Bret's been replaced. There is a dude who sits near me whose legal first name is Raz.
Haven't asked him yet if he smokes cigars.
There's our coinkydink of the day.
Wonder if he shoots guns and plays the guitar? I'll have to befriend him to find out.
And plays piano, and writes songs, and speaks Spanish, and writes code, and collects guns, and builds guns, and makes ammunition, and collects guitars, and has read Plato AND Aristotle, and Calvin AND Hobbes, and all the Federalist Papers...
I mean, these are appetites more than qualities. But if you're tryna replace me, you're gonna have to work a little harder than a sobriquet and knowing the business end of a cigar and a gun.

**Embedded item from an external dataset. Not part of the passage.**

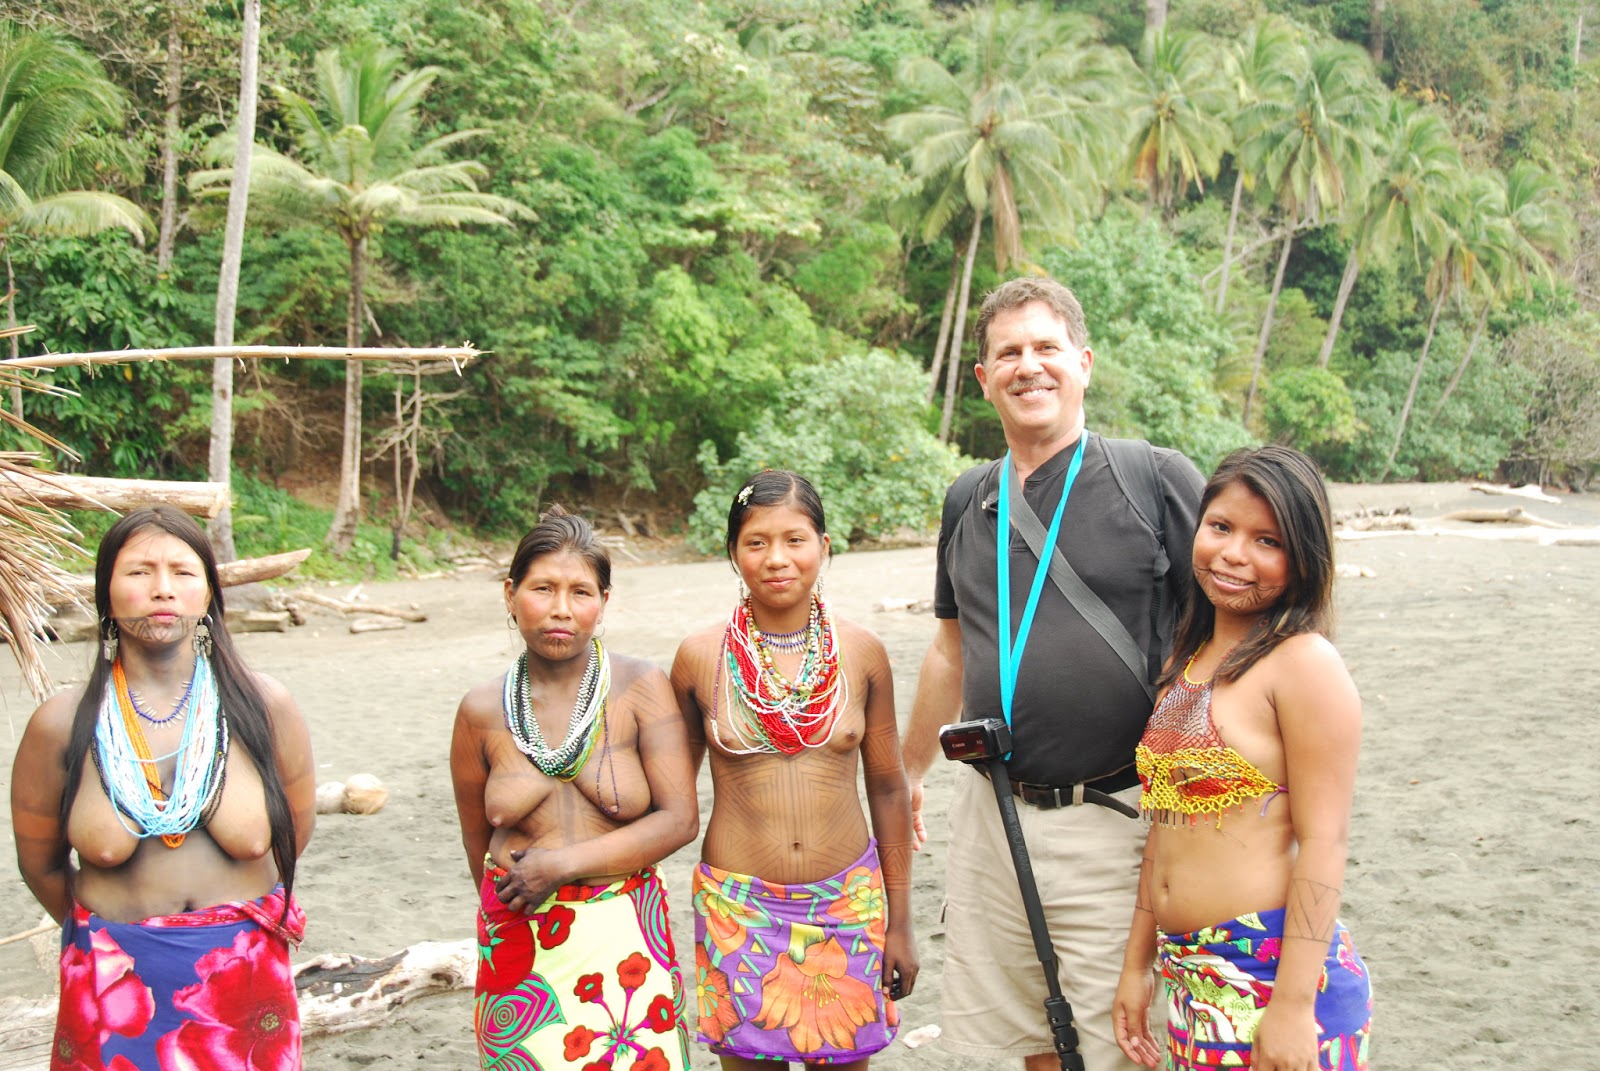 Today we visited the Embera, a tribe that lives as if frozen 2000 years ago...

Calvin and Hobbes was definitely my favorite comic as a kid.
And did you get the joke of the title?
Nope, because I'm not familiar with Calvin or Hobbes, the originals.
I was in college studying theology when Calvin and Hobbes went into syndication. Both the strip and its title fascinated me. So I wrote a final paper for a Western Civ class about it. The joke is not obvious, and I'm not certain even Bill Watterson completely intended it. Both John Calvin and Thomas Hobbes took a dim view of human nature, and both favored the notion of a benevolent dictatorship ruling the affairs of men as the true Divine order.
The joke is that Thomas Hobbes insisted that everything including thought was actually matter, physically real, and occupying time and space.
So, in the comic strip, Hobbes is "real," at least to Calvin, because he is the product of Calvin's thoughts. But Hobbes articulates the philosophical ideals of John Calvin - humility and submission to the predestined divine order - while six-year-old Calvin embodies the very human unruliness that Thomas Hobbes asserted made a dictatorial sovereign a political necessity.